Wyciek danych z UMŁ. Magistrat tłumaczy się błędem ludzkim
Urząd Miasta udostępnił w internecie wrażliwe dane podopiecznych i stażystów pracujących w łódzkiej pomocy społecznej. Ze strony Biuletynu Informacji Publicznej dostępnej dla każdego, można było ściągnąć dokument zawierający nie tylko imiona i nazwiska, ale również numery PESEL, czy zarobki mieszkańców. Magistrat tłumaczy, że to ludzki błąd i przeprasza.
Rzecznik prezydenta miasta, Marcin Masłowski zapewnia, że urzędnik odpowiedzialny za wyciek zostanie ukarany. – Kiedy tylko ustalimy kto za to odpowiada, zostaną wyciągnięte konsekwencje. Mówimy o dokumencie 100-stronicowym, wrażliwe dane były na dwóch stronach tego dokumentu – wyjaśnia.
Dane zostały umieszczone w internecie razem z odpowiedzią na interpelacje radnych PiS w sprawie nieprawidłowości w Miejskim Ośrodku Pomocy Społecznej. I choć sama odpowiedź w internecie miałasię znaleźć, to powinny zostać usunięte z niej dane osobowe. Marcin Masłowski zapewnia, że dokument zniknął już z sieci. – Do wszystkich osób, które mógł problemdotknąć, zostanie wysłany list z UMŁ. Chodzi o sprawdzenie czy przez te kilka dni, kiedy interpelacja była dostępna w internecie, ktoś nie próbował danych wykorzystać w niecnym celu. Oczywiście przekazujemy też słowa przeprosin – dodaje Masłowski.
Głos w tej sprawie zabrała również opozycja. Radni PiS zapowiadają, że zgłoszą sprawę do Generalnego Inspektora Ochrony Danych Osobowych.
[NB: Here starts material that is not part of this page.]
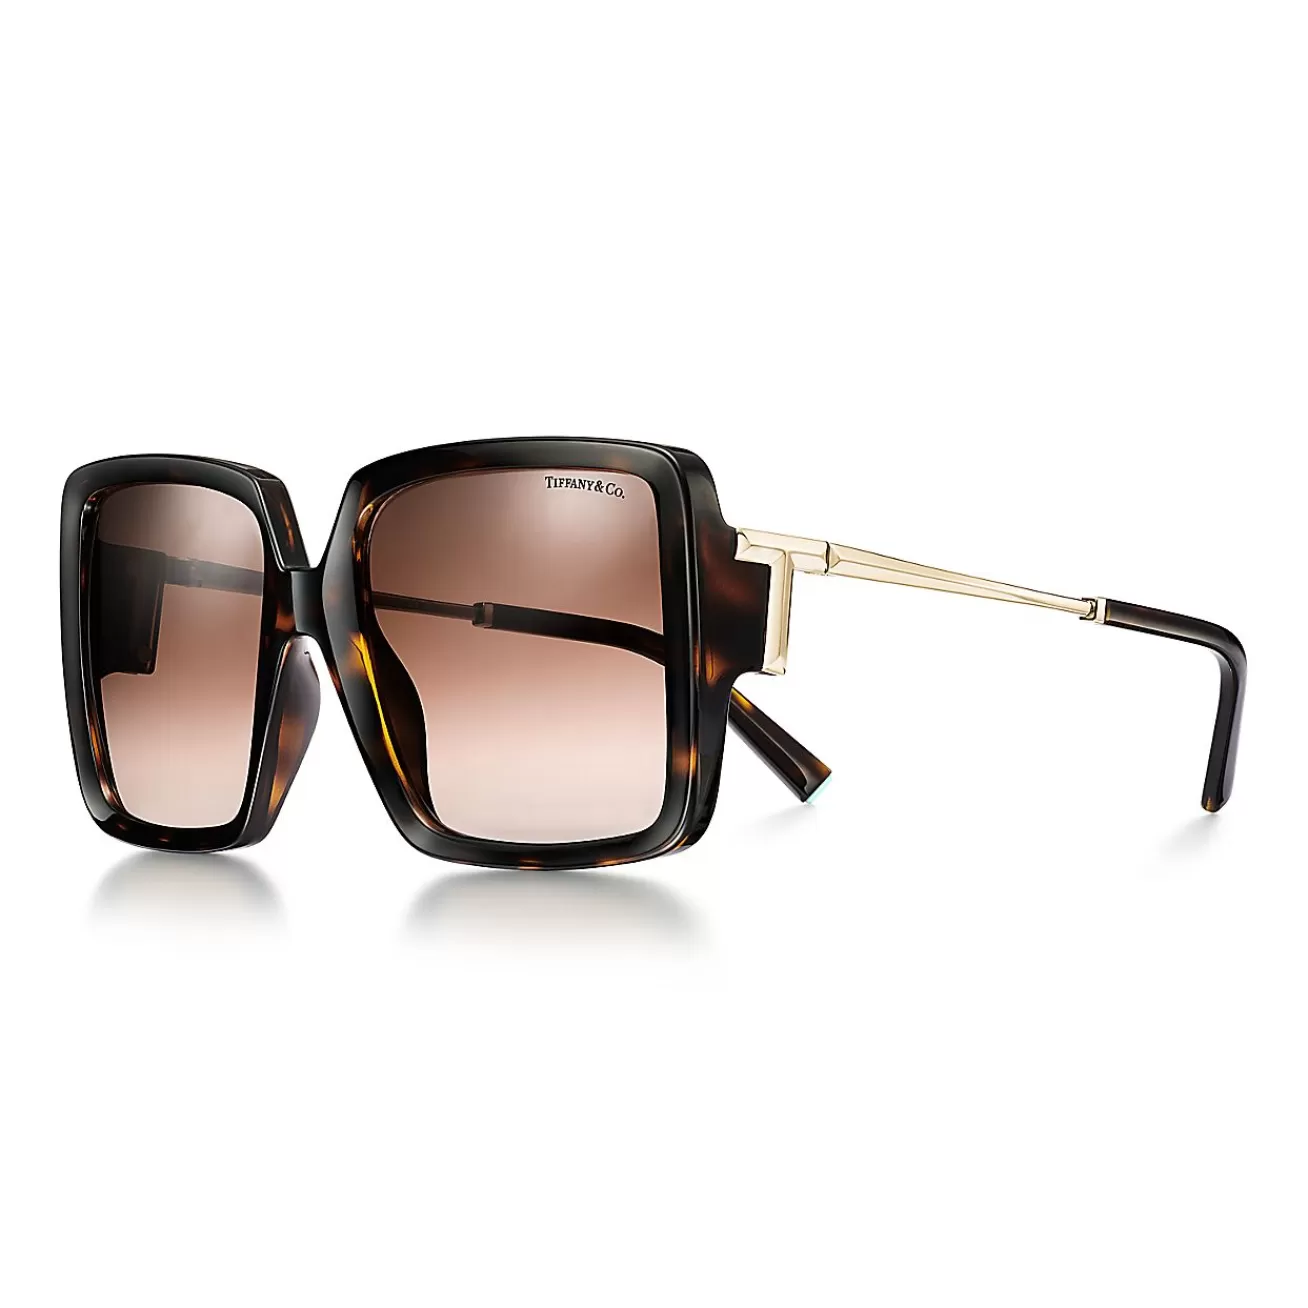 Tiffany & Co. Tiffany T Sunglasses in Tortoise Acetate with Brown Gradient Lenses | ^Women Tiffany T | Sunglasses

Jak dowiedzieliśmy się nieoficjalnie, będą również domagali się dymisji sekretarz miasta Łodzi – Barbary Mrozowskiej Nieradko.
Niewykluczone, że sprawą zajmie się prokuratura. Rzecznik łódzkiej prokuratury, Krzysztof Kopania podkreśla, że udostępnienie takich danych to przestępstwo.- Takie przestępstwo jest zagrożone karą pozbawienia wolności do lat dwóch. W przypadku działania nieumyślnego kara jest łagodniejsza, sięga roku pozbawienia wolności – informuje Kopania.